- How to complete this task
What you return should be only the lines in the entries below between the one holding "personaCreator" and the one holding "Toner Cf279a Cf279", ends included, with every picture left out.

- Information

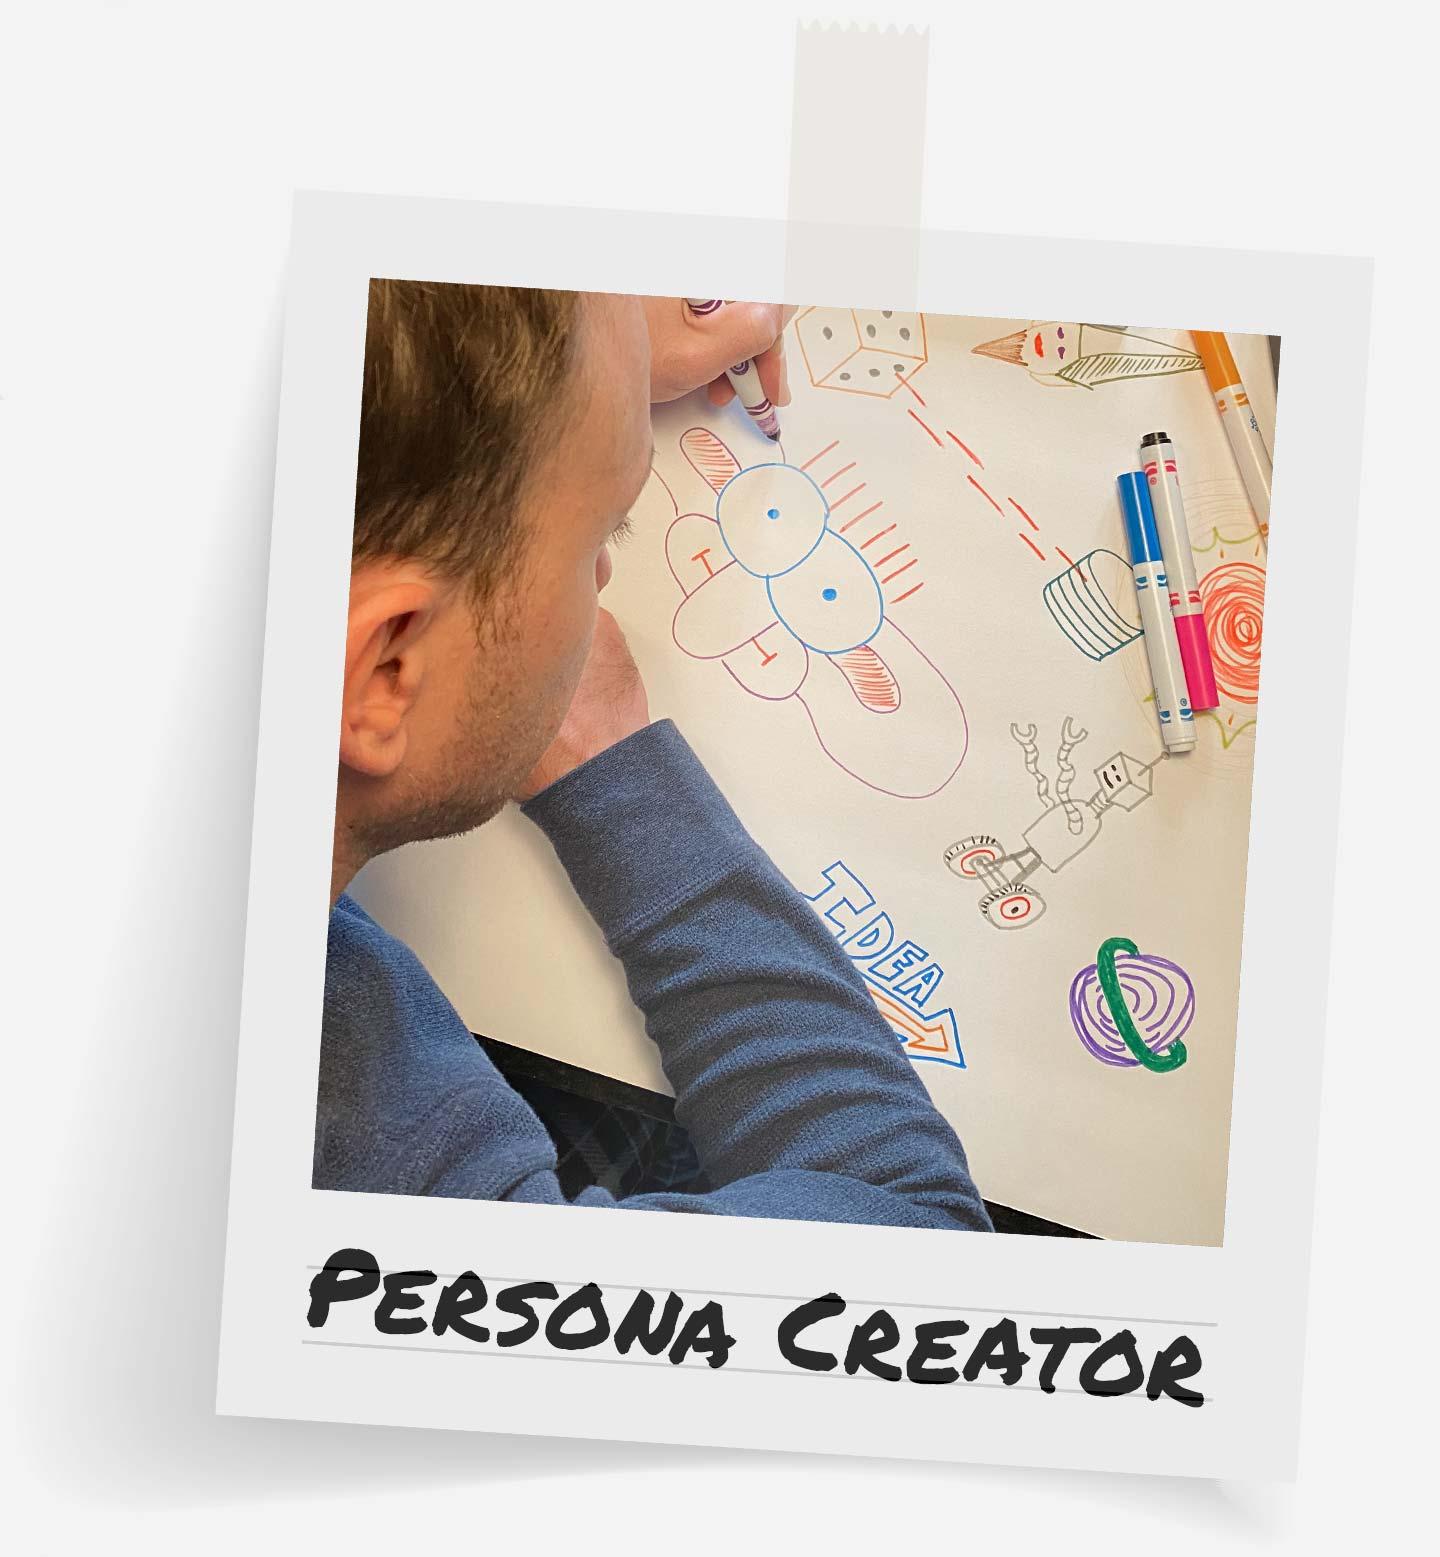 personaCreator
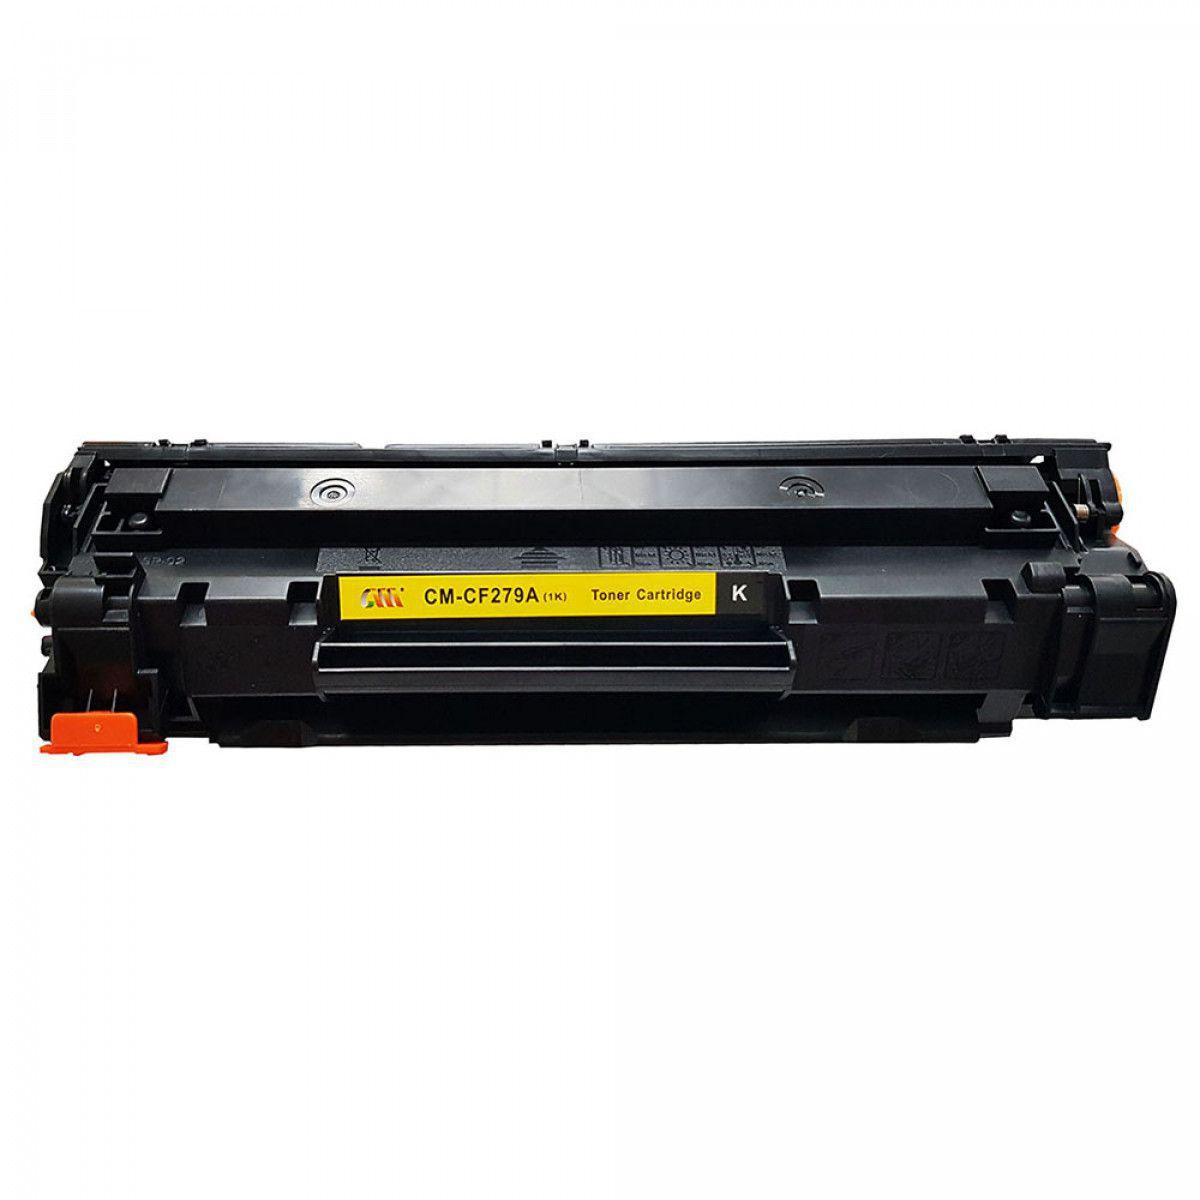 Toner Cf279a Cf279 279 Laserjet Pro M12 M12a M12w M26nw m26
* * *
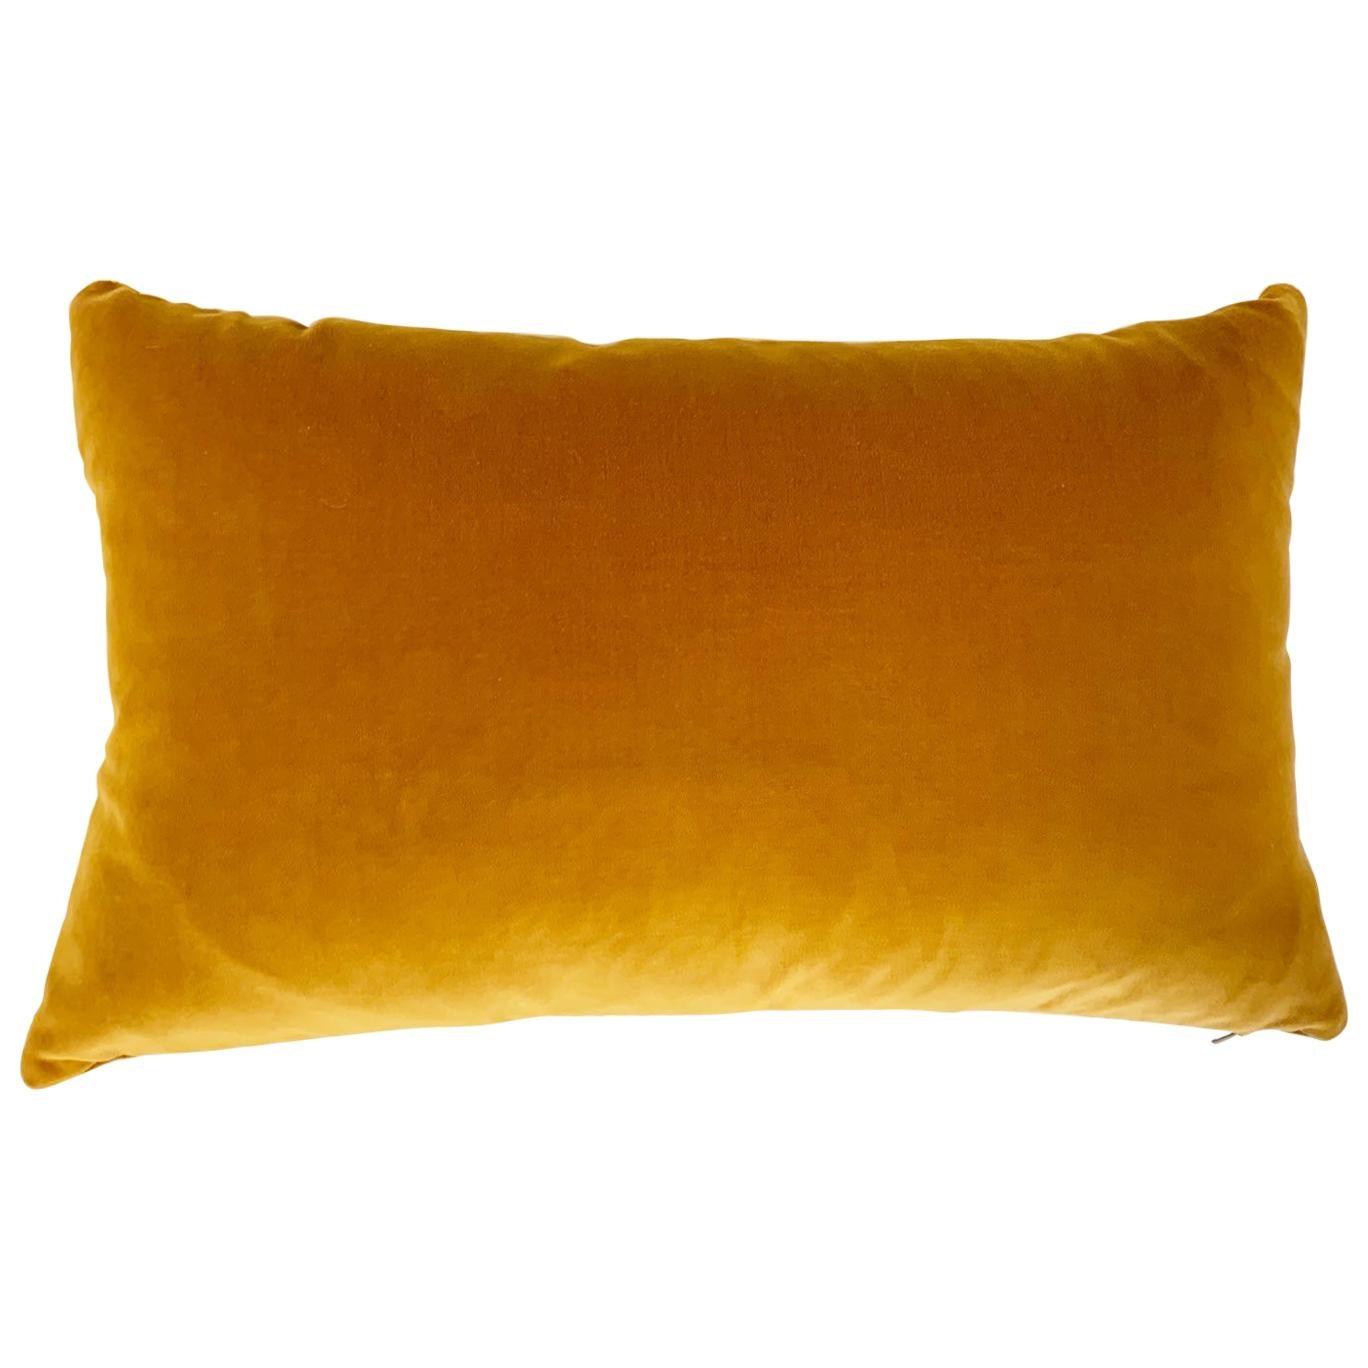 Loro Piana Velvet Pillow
---
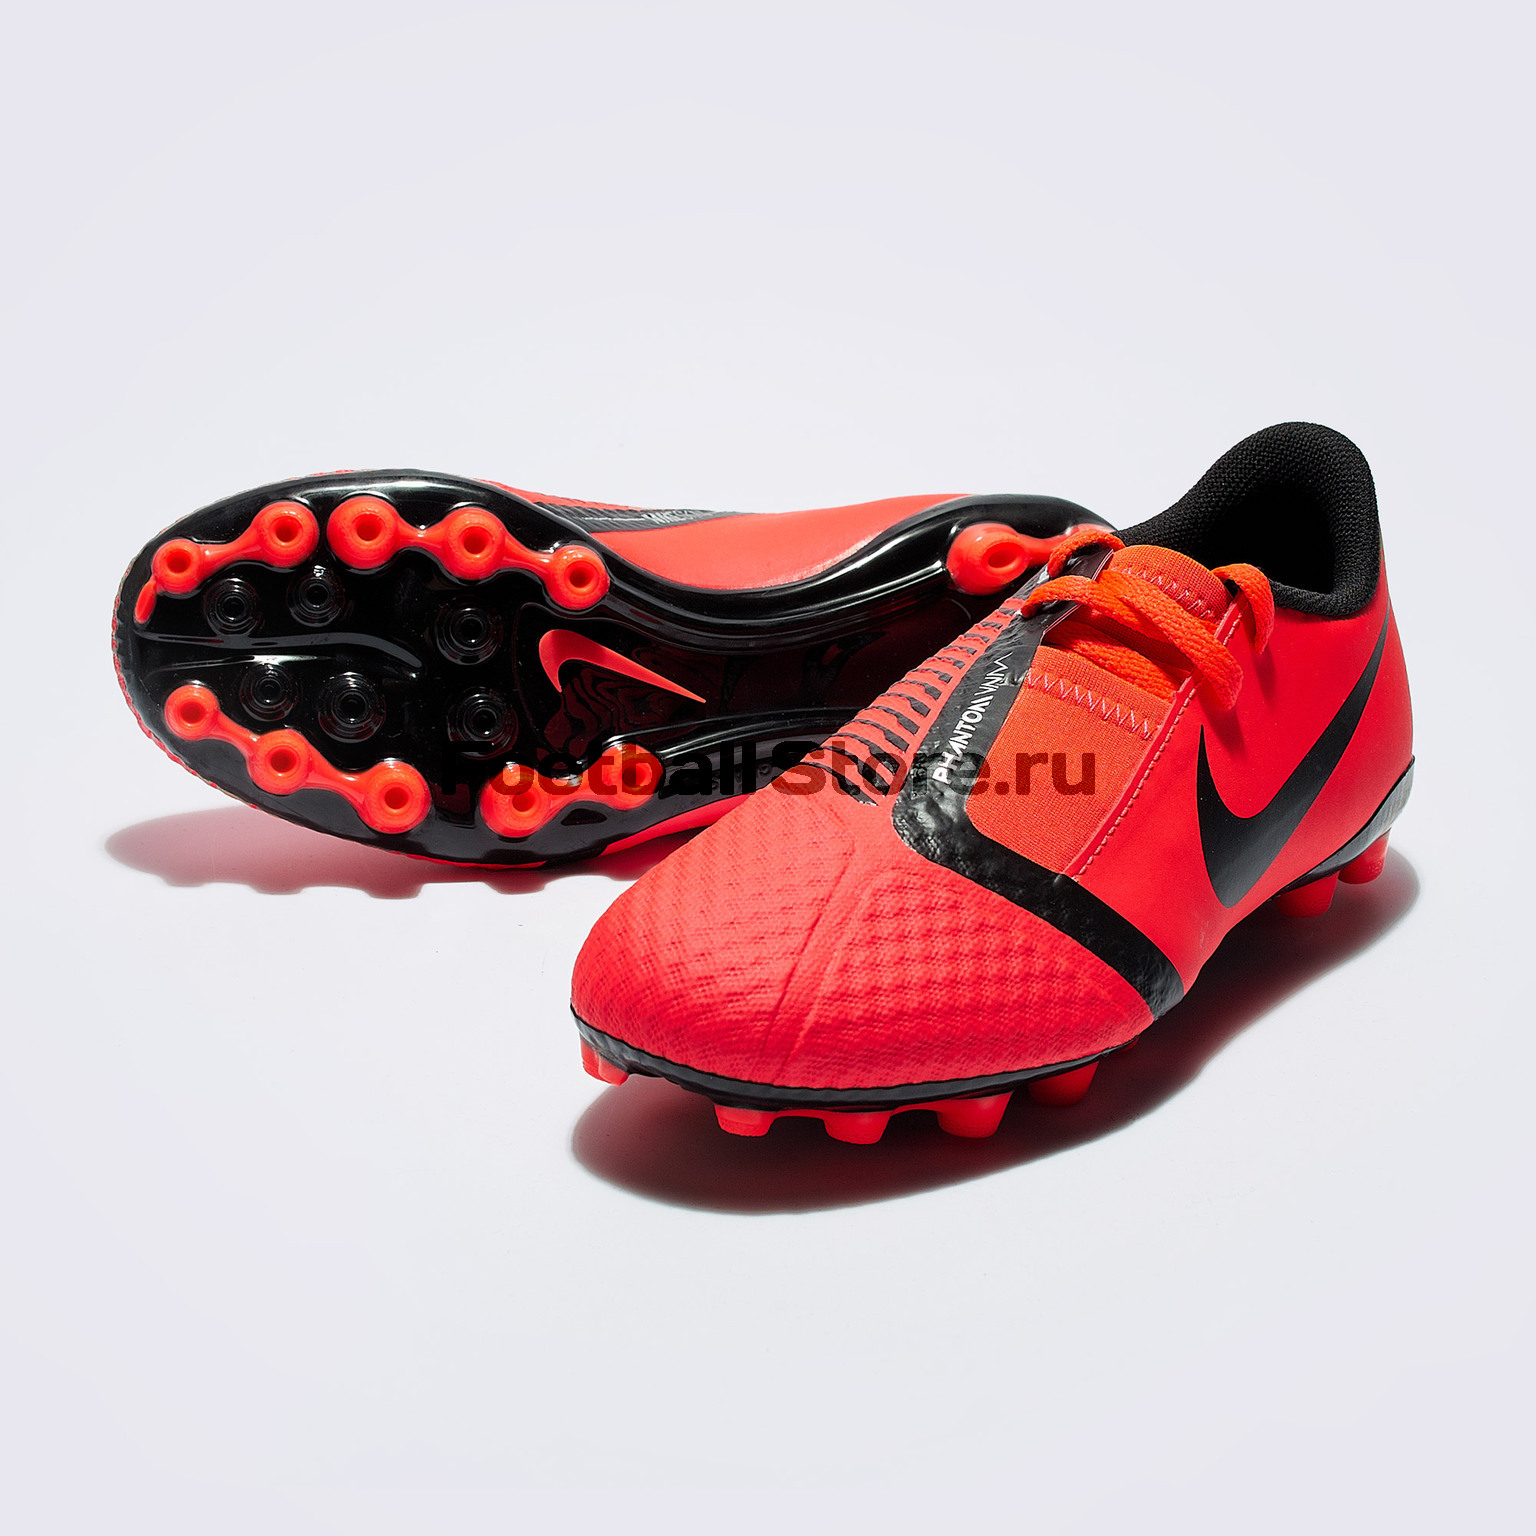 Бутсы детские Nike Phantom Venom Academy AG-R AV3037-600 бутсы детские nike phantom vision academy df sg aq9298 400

- Answer section
 personaCreator
 Toner Cf279a Cf279 279 Laserjet Pro M12 M12a M12w M26nw m26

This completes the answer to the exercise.